A staggering two billion letters were sent to and from Britain during the First World War between 1914 and 1918. They were the only way UK servicemen and loved ones could stay in touch with each other. This is the story of those letters – and, a century after the war ended, how they have become a vital way for younger generations to learn about what happened through the people who fought in the conflict.
A vast network was set up to handle the extra 1,000 tonnes of mail every week, with a coded system of addresses to deliver to locations that needed to be kept secret from the enemy.
Beyond the extraordinary war-time distribution of letters, there was the enormous undertaking of censorship. Each letter was subject to a strict checking process to prevent vital information – innocently shared – being intercepted by spies.
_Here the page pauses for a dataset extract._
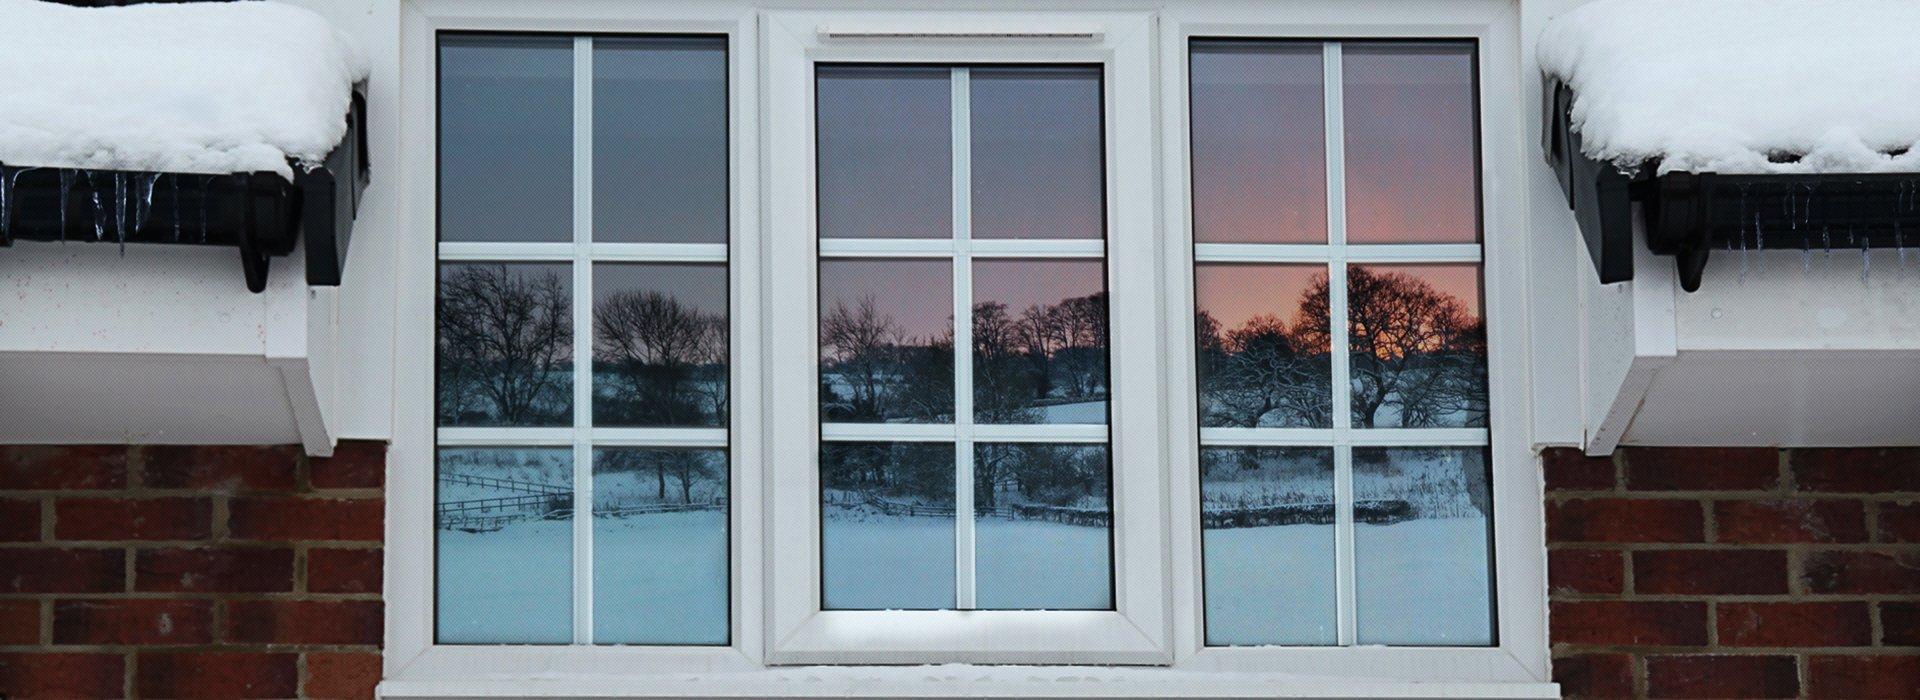 A double glazed window

A far quicker device was also introduced to avoid the need for censorship altogether – The Field Service Postcard, which became a kind of social media status update for its time. Soldiers were able to choose between a few descriptions to describe their health (from “I am quite well” to “I am wounded”), confirm receipt of a letter or parcel, or report a breakdown in communication.
While the messages were impersonal, they were gratefully received by those desperate for news of their loved ones and remain among the fascinating elements of First World War communication passed down from generation to generation.
The lasting treasures, though, remain the longer letters detailing the human experience of every element of the conflict, right up until the final shot was fired before the German Empire surrendered.